Figure 6. Partial correlation coefficients of NDVI and PET of forest vegetation in different climatic regions (A); Partial correlation coefficients of NDVI and P of forest vegetation in different climatic regions (B); Time scale of response of forest vegetation NDVI to PET in different climatic regions (C); the time scale of forest vegetation NDVI response to P in different climate zones (D). Box plot elements: the box contains 25%–75% of values; the horizontal line is the median line value, the error bars represent ±1 standard deviation (SD), and the thick black points are the outliers.

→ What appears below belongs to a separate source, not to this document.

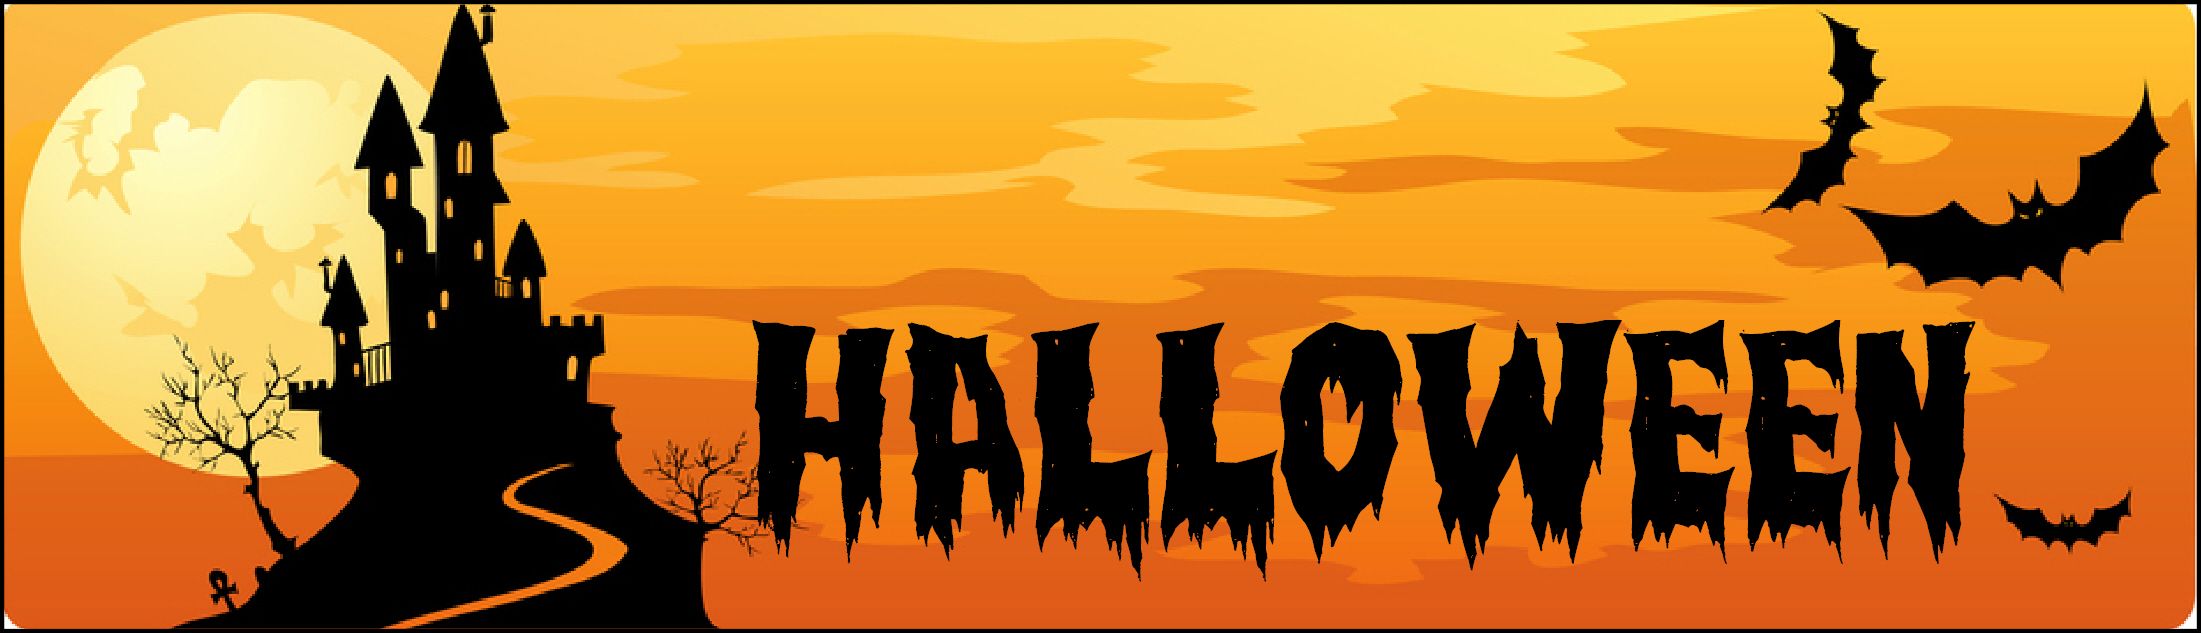 halloween-banner.jpg - 138,03 kB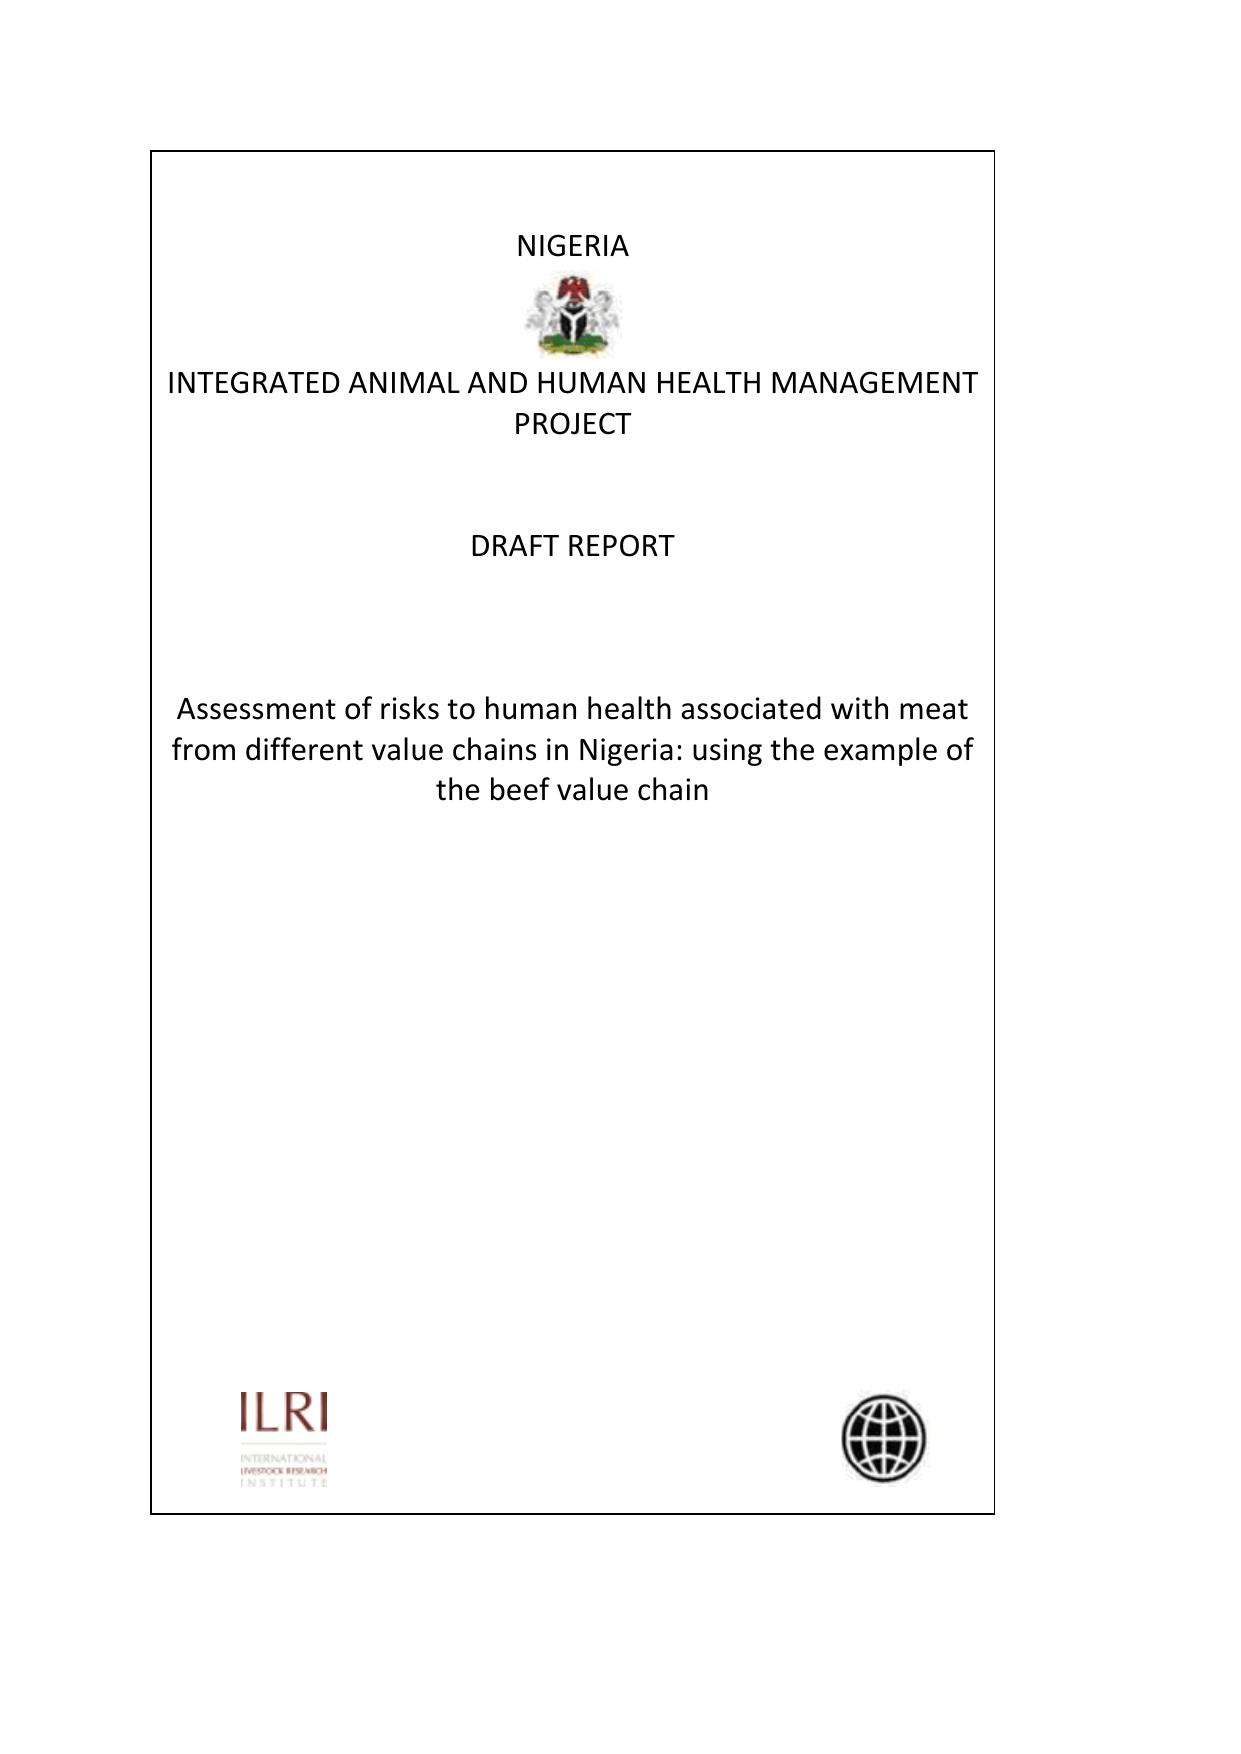 Microsoft Word - Final Report - Nigeria Meat Chain Study-ILRI

3.4 The effects of PET and P on NDVI of cropland vegetation

The cropland vegetation in the study area was mainly distributed in the Northeast Plain, North China Plain, Loess Plateau, Sichuan Basin, Changjiang Downstream Plain and Yun-Gui Plateau (Figures 1A, B). Of the cropland in the study area, only a small portion of the NDVI results were negatively correlated with PET and P (Figures 7A, B). The areas with negative correlations between NDVI and PET were mainly distributed in the Yun-Gui Plateau and parts of the southern North China Plain. Negative correlations between NDVI and P were less common and included the Sichuan Basin and a small part of the southern North China Plain area. The response of NDVI in the Northeast Plain to PET was similar to its response to P, with partial correlation coefficients of 0.662–0.766 and 0.628–0.885, respectively. There were clear spatial differences in correlations between NDVI and PET and P of cropland vegetation in North China Plain. The spatial distribution of correlations between NDVI and PET and P in the northern and southern parts was small. The partial correlation coefficients between NDVI and P in the Loess Plateau were mostly 0.454–0.628, whereas those between NDVI and PET were 0.549–0.766. The response of NDVI in the Sichuan Basin to P was slightly weaker than its response to PET. Correlations between NDVI and PET in the central area of the Changjiang Downstream Plain were higher than those with P, with coefficients from 0.766–0.965 and 0.454–0.628, respectively.

Figure 7

Figure 7. Spatial distribution of the maximum partial correlation coefficients between NDVI and PET in cropland vegetation (A); spatial distribution of the maximum partial correlation coefficients between NDVI and P in cropland vegetation (B); time scale of the maximum partial correlation coefficients between NDVI and PET in cropland vegetation (C); time scale of the largest partial correlation coefficients between NDVI and P of cropland vegetation (D).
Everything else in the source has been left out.